Review of a letter dated 6/13/2010 from S16 RN to S5, RN Building Manager, S3 DON, S2 Executive Nurse, S22 MD Clinical Director, S23 Assistant CEO, and S1 CEO revealed a request for additional staff on weekends and when only one nurse is assigned to a unit. Further review of this letter revealed documentation of S16 RN requesting documentation of the hospital ' s policy and procedure that the staffing is correctly allocated combined with her concern about her nursing license being " ...on the line ... "
Review of an e-mail correspondence dated 6/15/2010 presented by S3 DON revealed he acknowledged receipt of the letter from S16 RN on 6/13/2010 and indicated he would discuss her concerns with the Executive Nurse. The documentation further revealed S16 RN would receive a formal response from him.
Review of a letter from S3 DON to S16 RN on 6/18/2010 revealed he questioned if the issue was of S16 RN leaving her patients or having someone accompany her to a code. The documentation further revealed " ...Nursing Administration does not factor just RN ' s into staff matrix.
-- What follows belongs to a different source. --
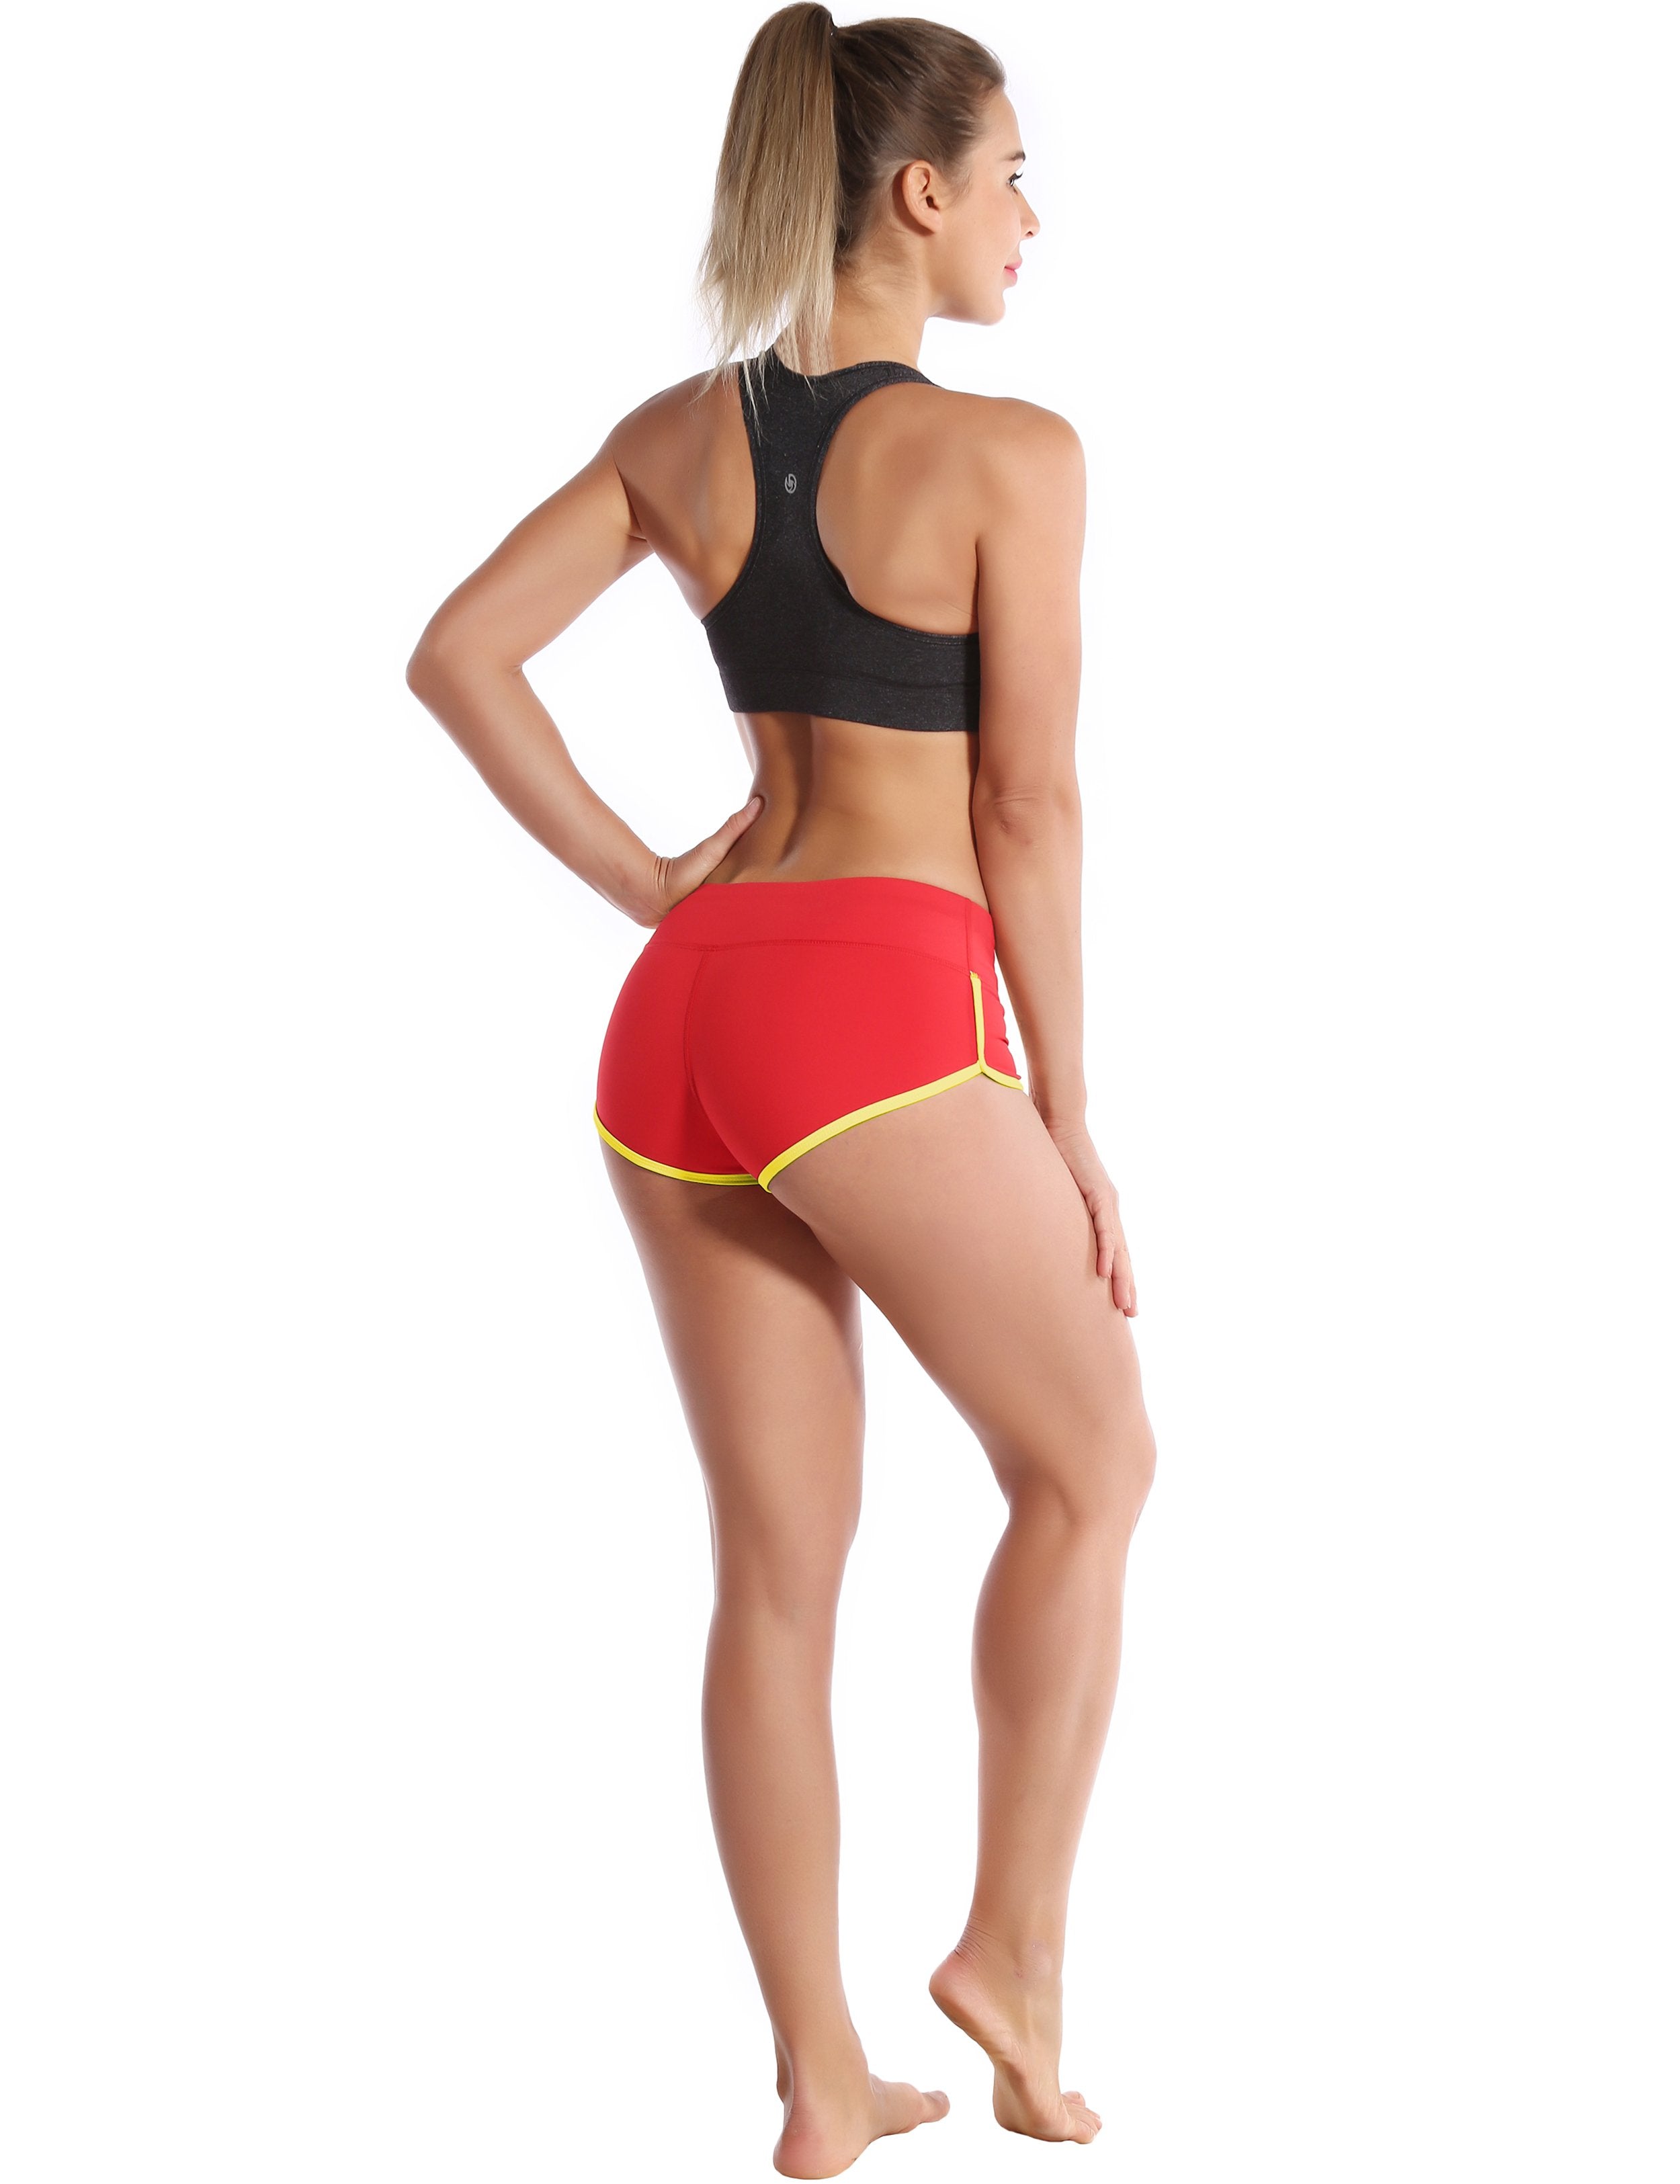 Sexy Booty Yoga Shorts scarlet_fluorescentyellow Sleek, soft, smooth and totally comfortable: our newest sexy style is here. Softest-ever fabric High elasticity High density 4-way stretch Fabric doesn't attract lint easily No see-through Moisture-wicking Machine wash 75%Nylon/25%Spandex

For instance, one RN and 5 PA ' s for 20 patients will provide a patient ratio of 1:3.3, which is an acceptable, even generous staffing when considering our units reflecting a 1:4.5 with increased acuity ... "
Further review of e-mail correspondence, furnished by the DON, between S15 RN and S3 DON revealed on 6/22/2010, S15 requested written guidelines and clarification regarding " ... leaving her unit, responding to Code Blues after hours, and on weekends since policy and procedure states that a Cedarview Unit I nurse is to respond to all codes as this was a conflict with nursing policy that indicates a RN will be on the building at all times, and who other than the grounds house manager is to respond to codes at Cedarview Unit I ... "
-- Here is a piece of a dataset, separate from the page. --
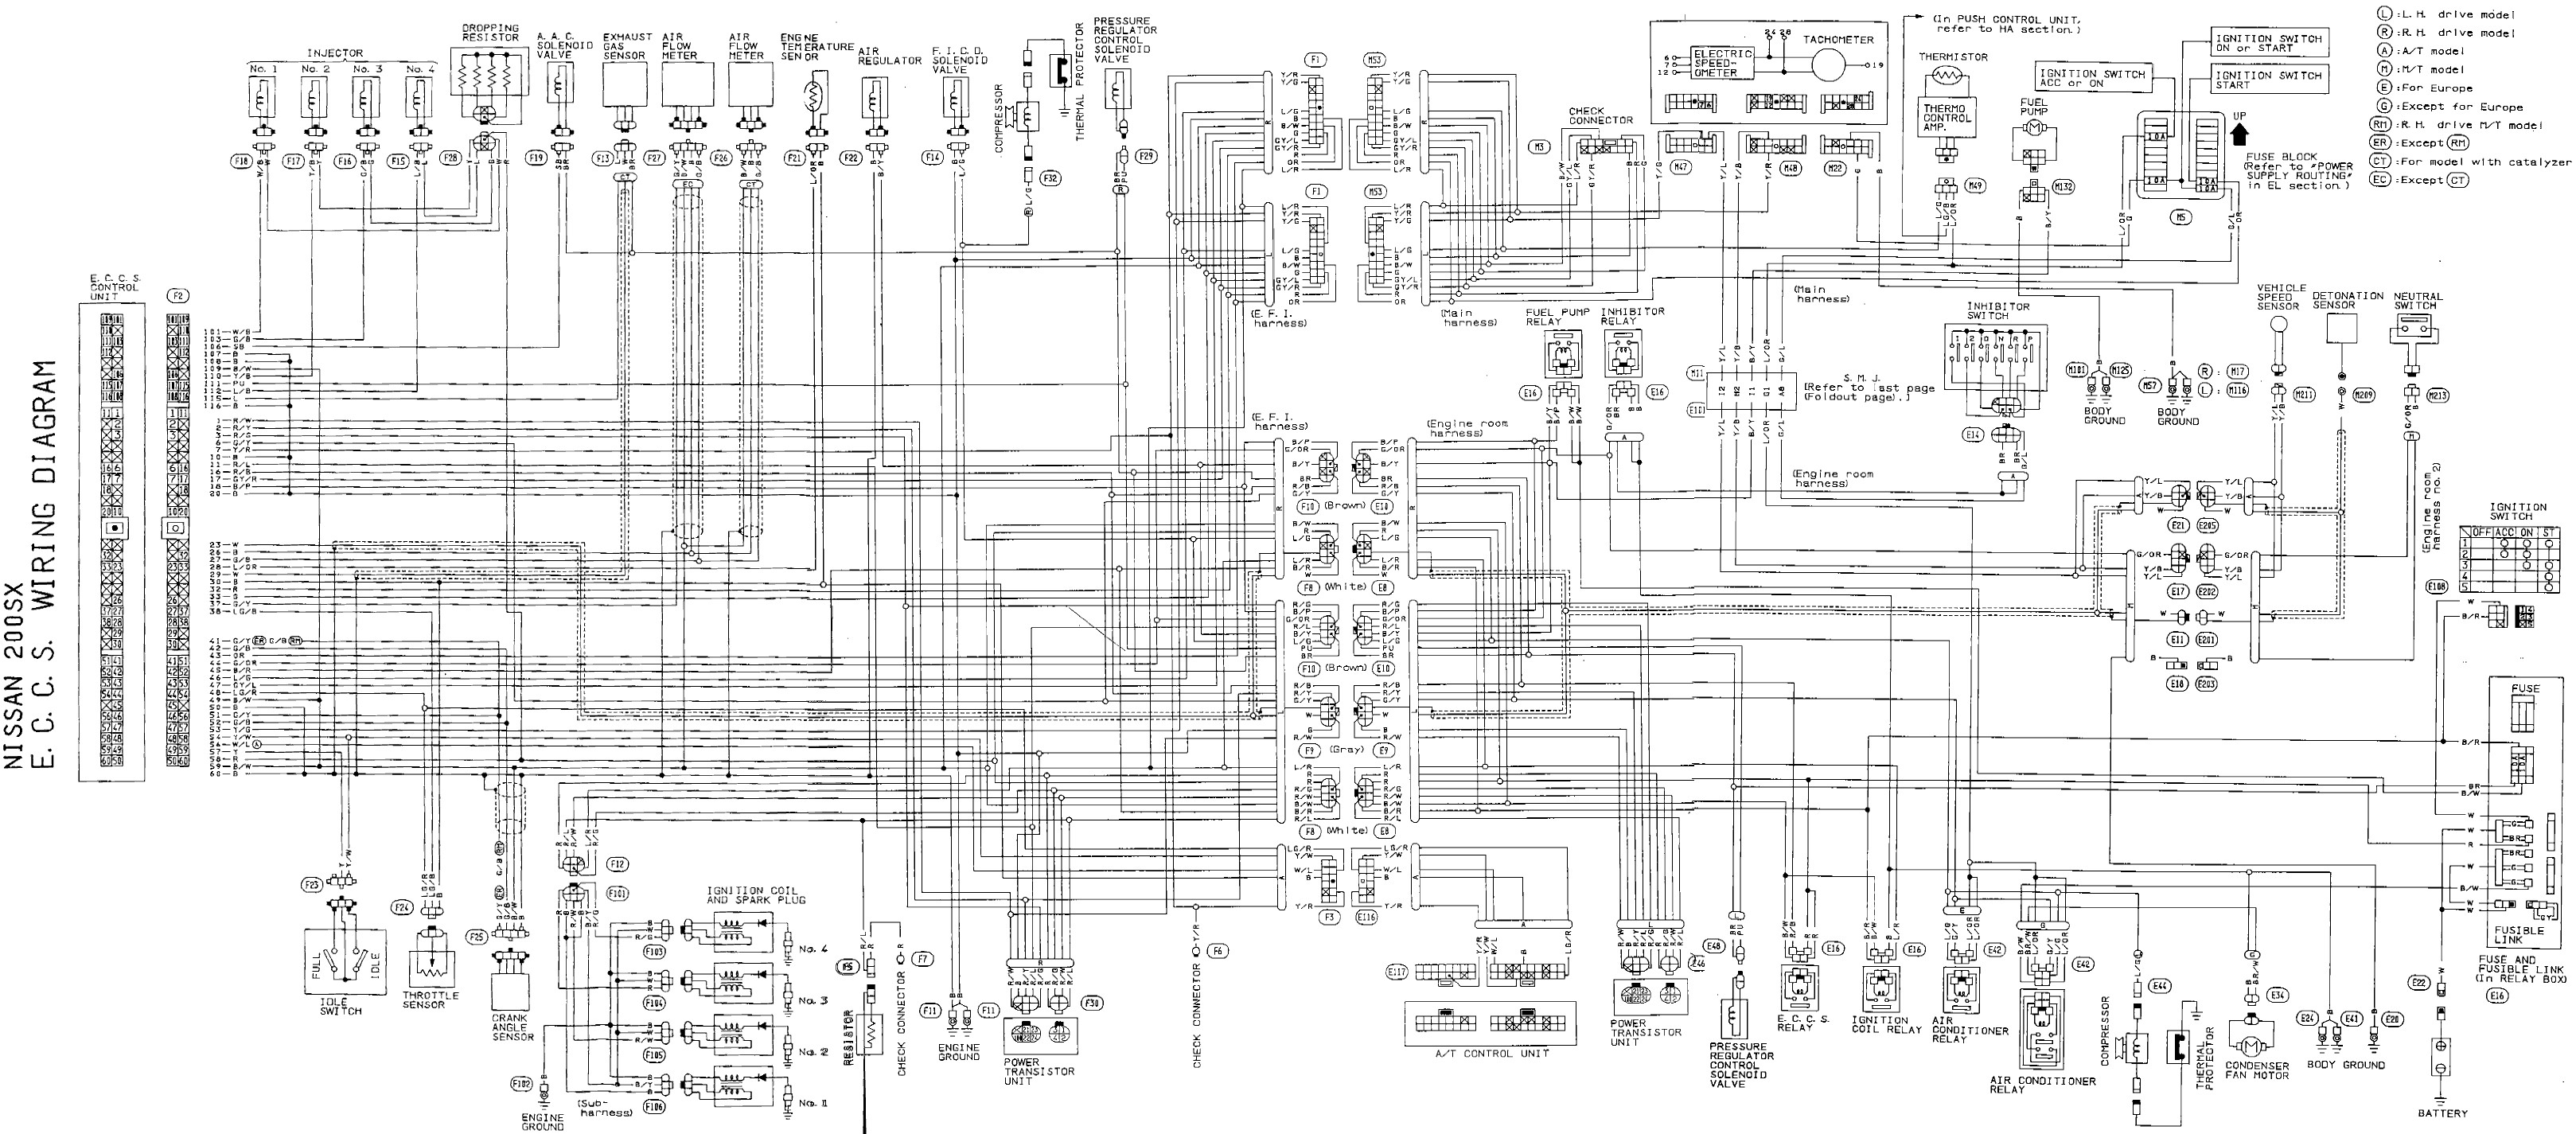 Nissan 300zx Engine Diagram 200sx Engine Wiring Harness Get Free Image About Wiring Diagram Of Nissan 300zx Engine Diagram

Review of a handwritten letter, furnished by the DON, from S15 RN to the DON dated 7/7/2010 revealed another request for a response in writing regarding Code Blues and leaving the unit since she would have been the only RN on Cedarview Unit I that weekend.
Review of a letter, furnished by the DON, from S3 DON to S15 RN 7/9/2010 with carbon copies to S2 Executive Nurse and the Administrator revealed the following guidelines the East Division Nursing Management Team is currently using: " ...When only one nurse is on Cedarview Unit I, the nurse on Cedarview Unit I will respond to Code Blues on Cedarview Unit I and Parker only. However, should a catastrophic crisis occur, as always follow the directives of your supervisor. The house manager/ designee will go to Cedarview Unit I, retrieve the code bag and transport the code bag to the Code Blue site. Both of Evangeline and Gabriel are required to assign one nurse each shift to respond to Code Blues at the east division. Thus, you were assured to have additional staff should a Code Blue occur in your area. Should you need additional clarification, you may contact your RN Manager ... "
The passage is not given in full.